#### WHAT YOU NEED TO DO:
A faithful repeat of all the records, with no image kept, is the required answer.

Data records:
____
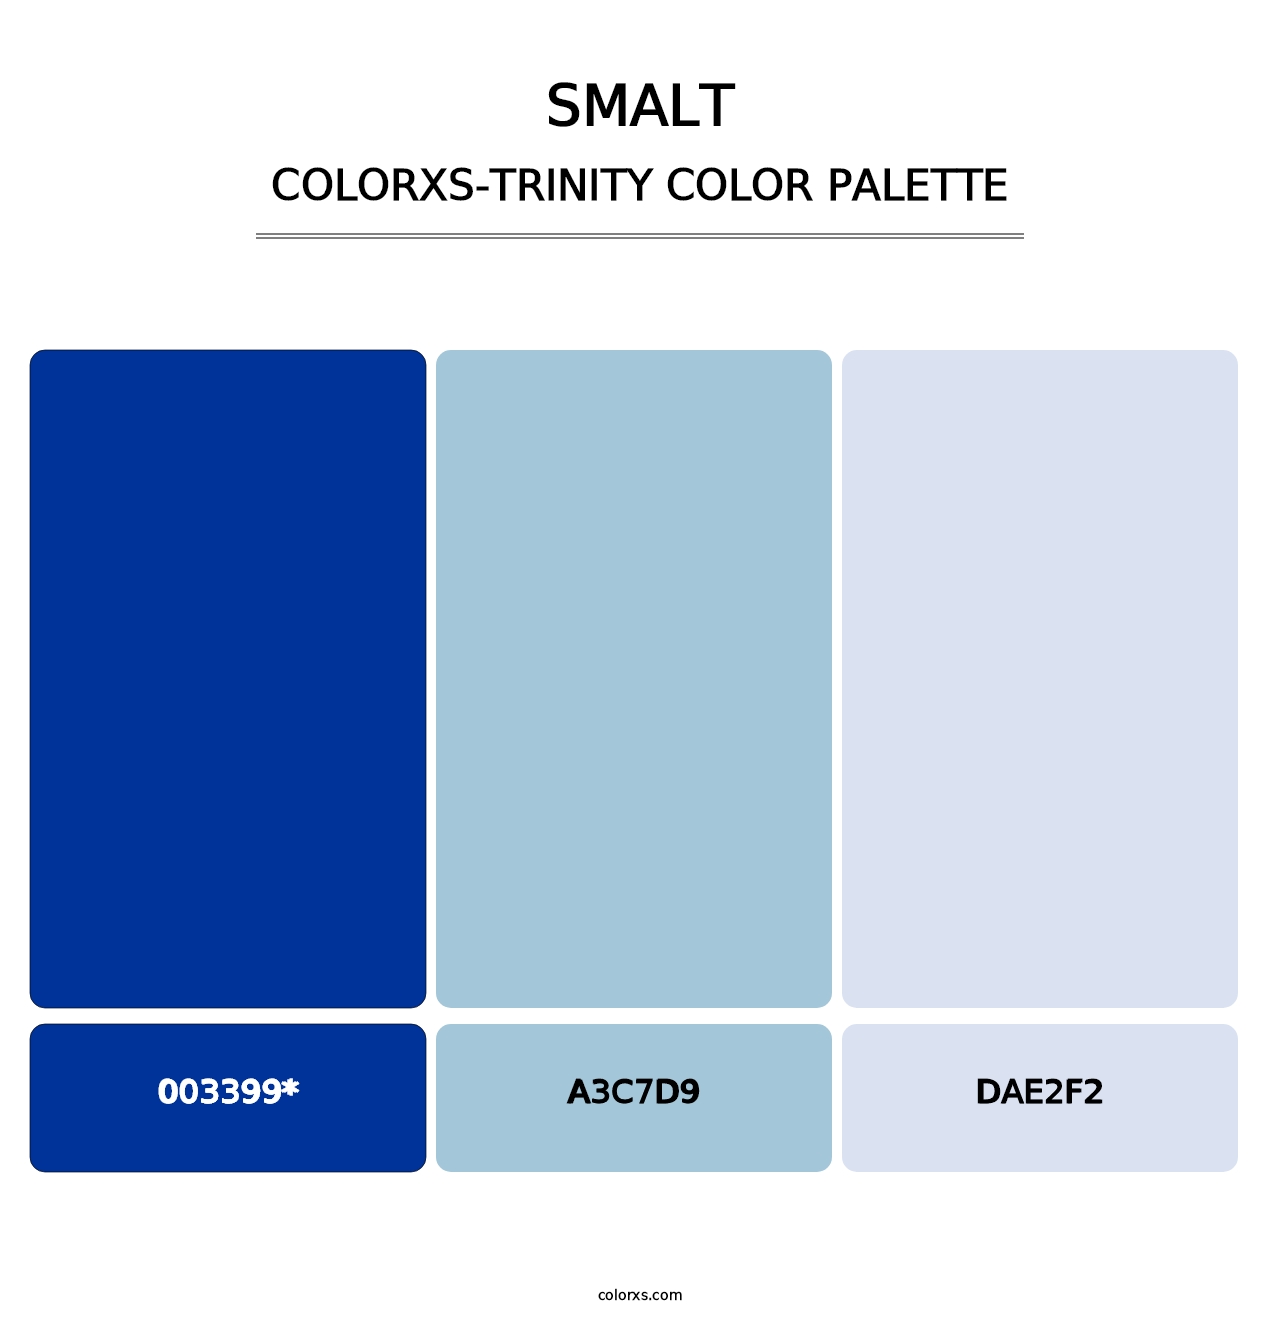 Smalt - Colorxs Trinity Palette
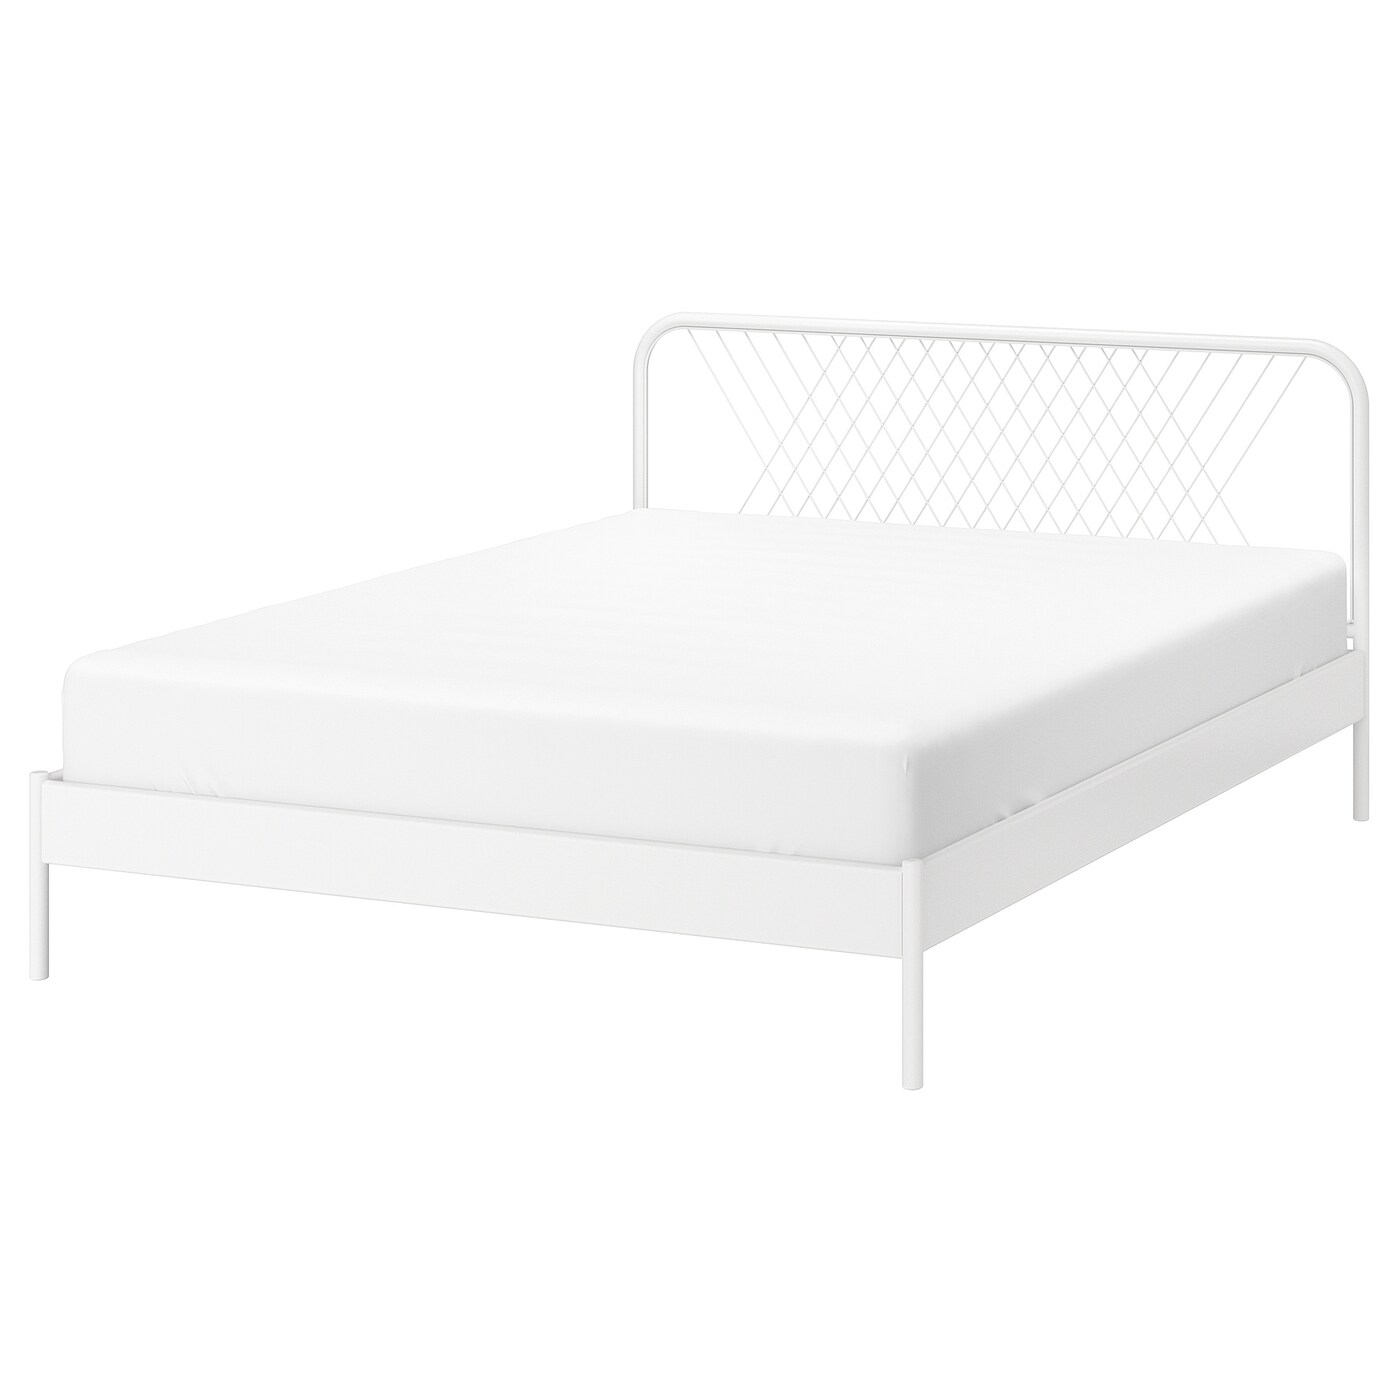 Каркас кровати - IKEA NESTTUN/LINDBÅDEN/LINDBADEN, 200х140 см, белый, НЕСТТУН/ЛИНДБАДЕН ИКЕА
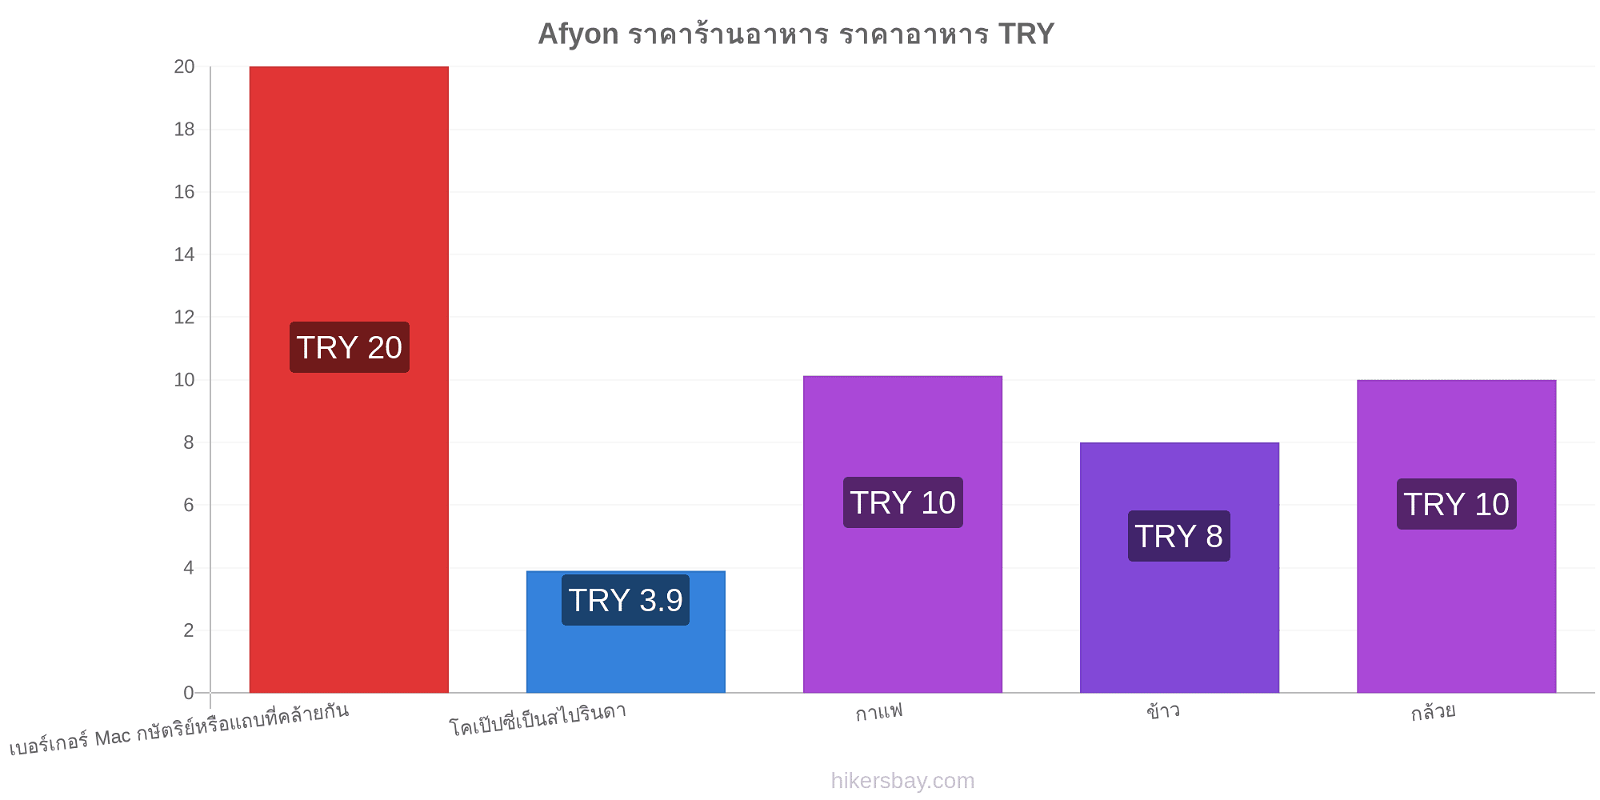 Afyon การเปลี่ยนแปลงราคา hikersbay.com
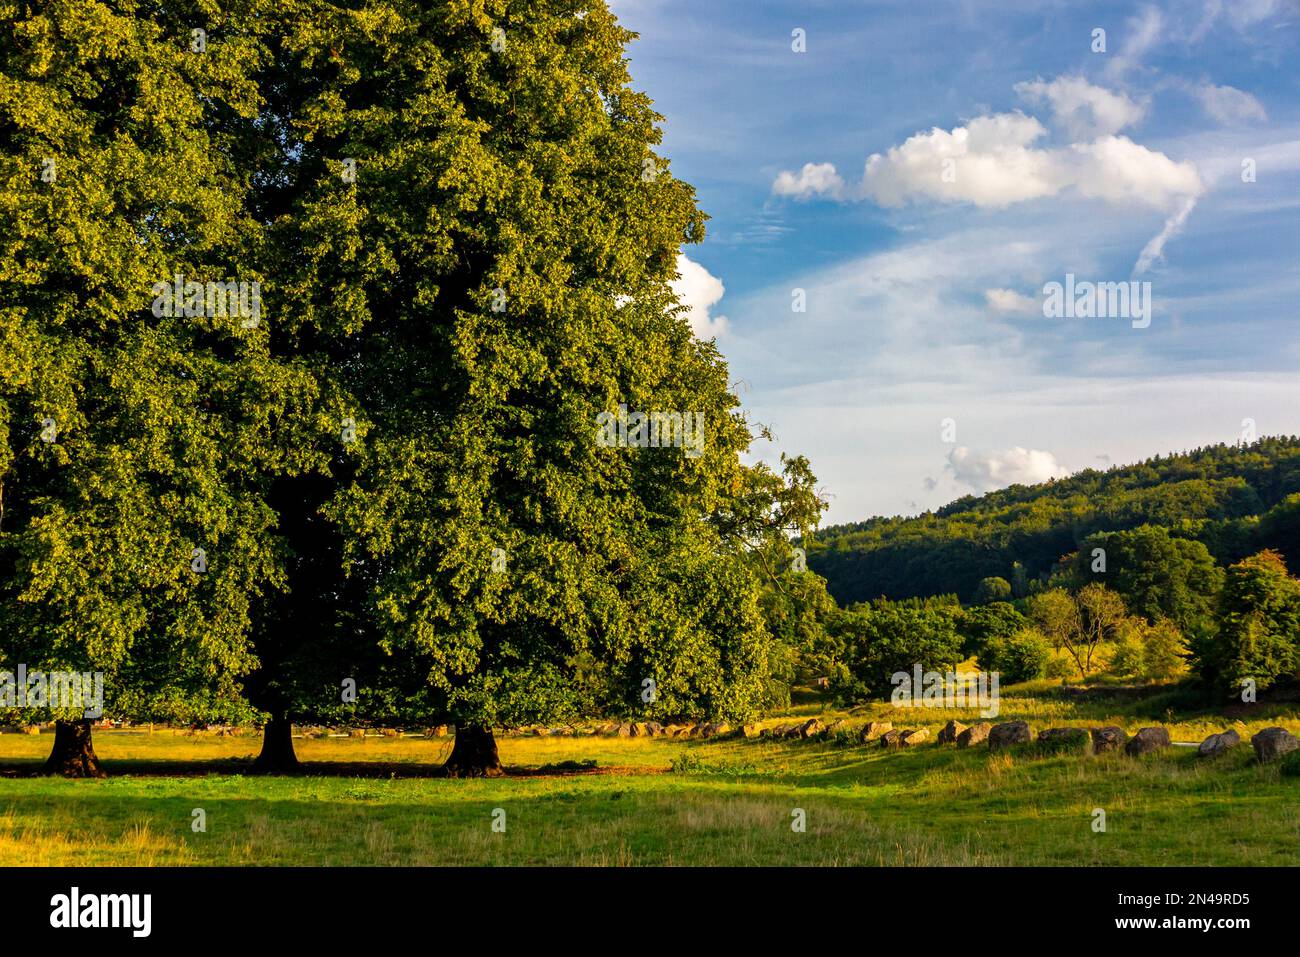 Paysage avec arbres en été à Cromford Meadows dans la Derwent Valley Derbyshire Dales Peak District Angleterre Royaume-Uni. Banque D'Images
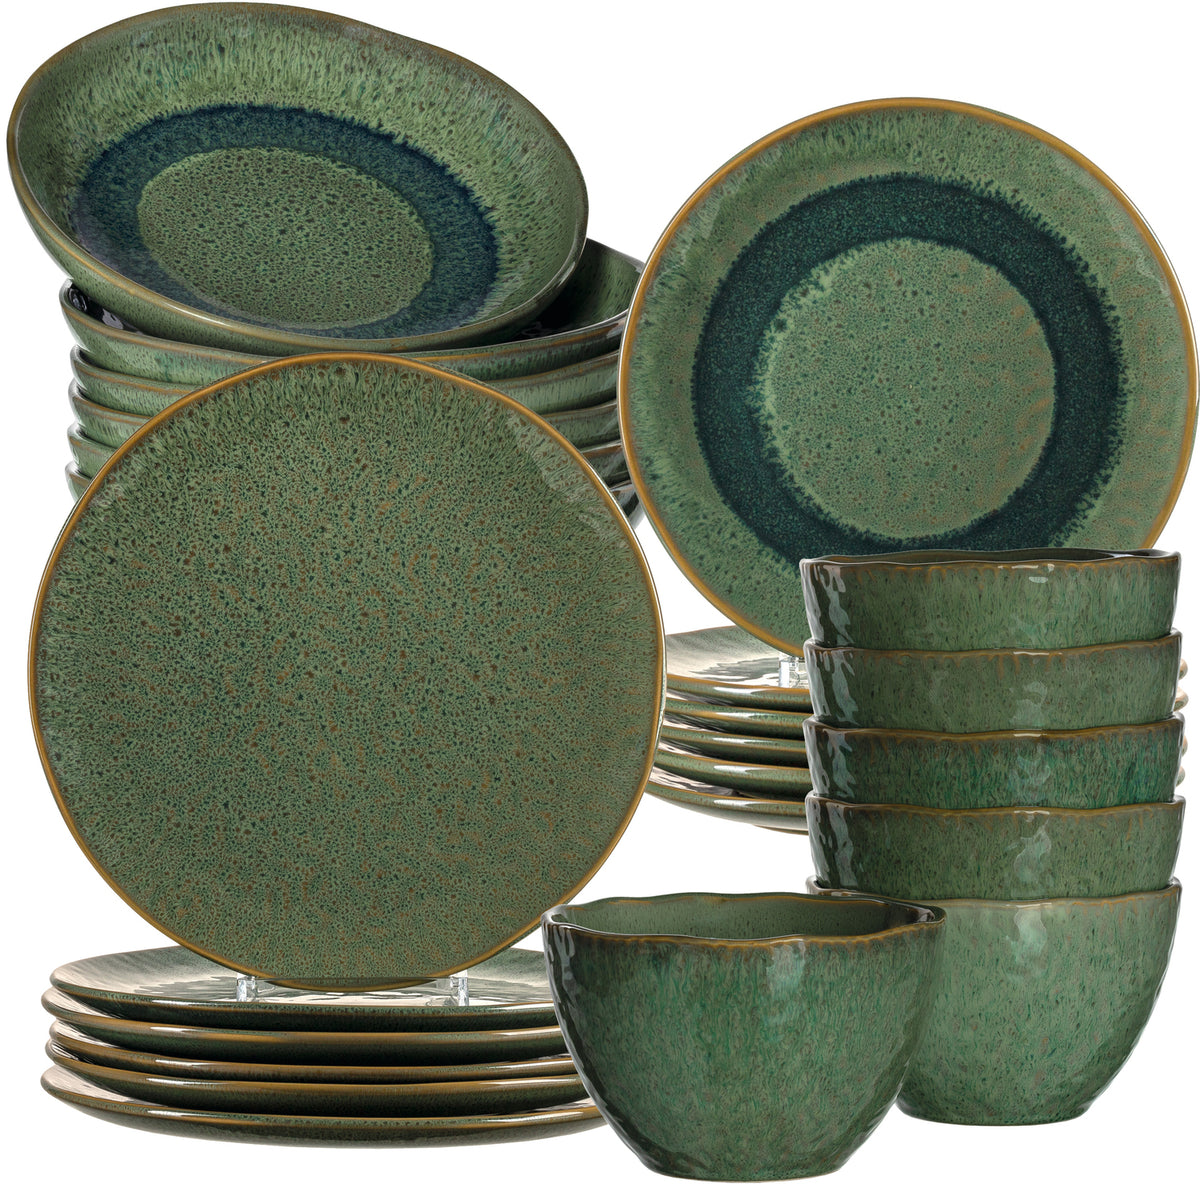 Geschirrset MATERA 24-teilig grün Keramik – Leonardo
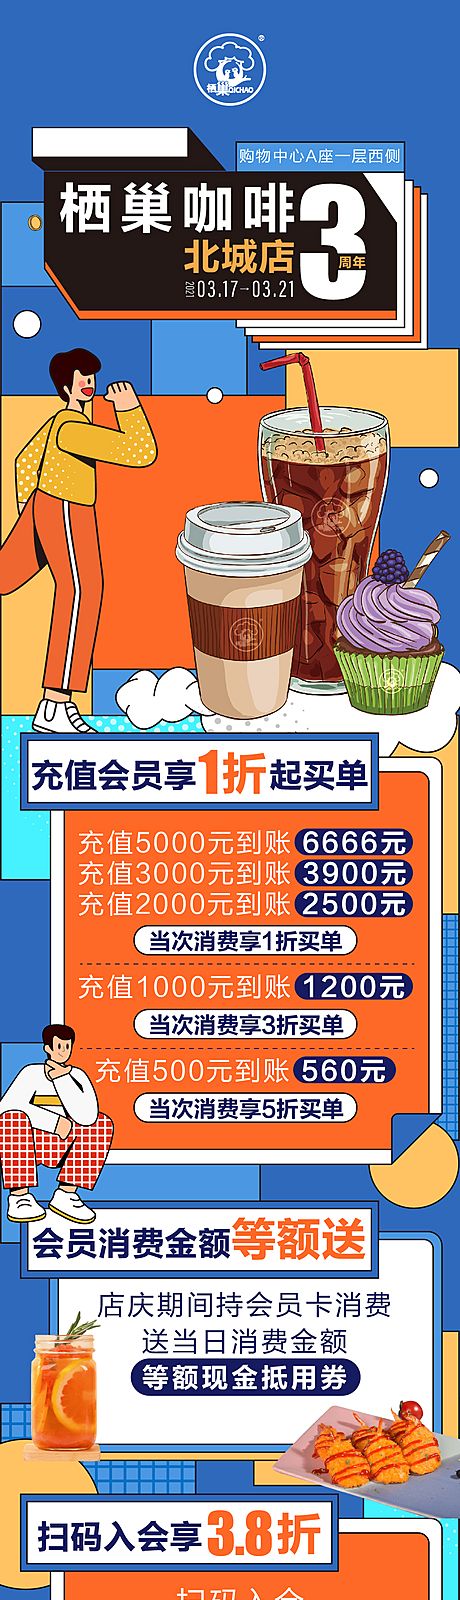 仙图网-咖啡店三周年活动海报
____
#### EXERCISE RESPONSE:
 Smalt - Colorxs Trinity Palette
 Каркас кровати - IKEA NESTTUN/LINDBÅDEN/LINDBADEN, 200х140 см, белый, НЕСТТУН/ЛИНДБАДЕН ИКЕА
 Afyon การเปลี่ยนแปลงราคา hikersbay.com
 Paysage avec arbres en été à Cromford Meadows dans la Derwent Valley Derbyshire Dales Peak District Angleterre Royaume-Uni. Banque D'Images
 Geschirrset MATERA 24-teilig grün Keramik – Leonardo
 仙图网-咖啡店三周年活动海报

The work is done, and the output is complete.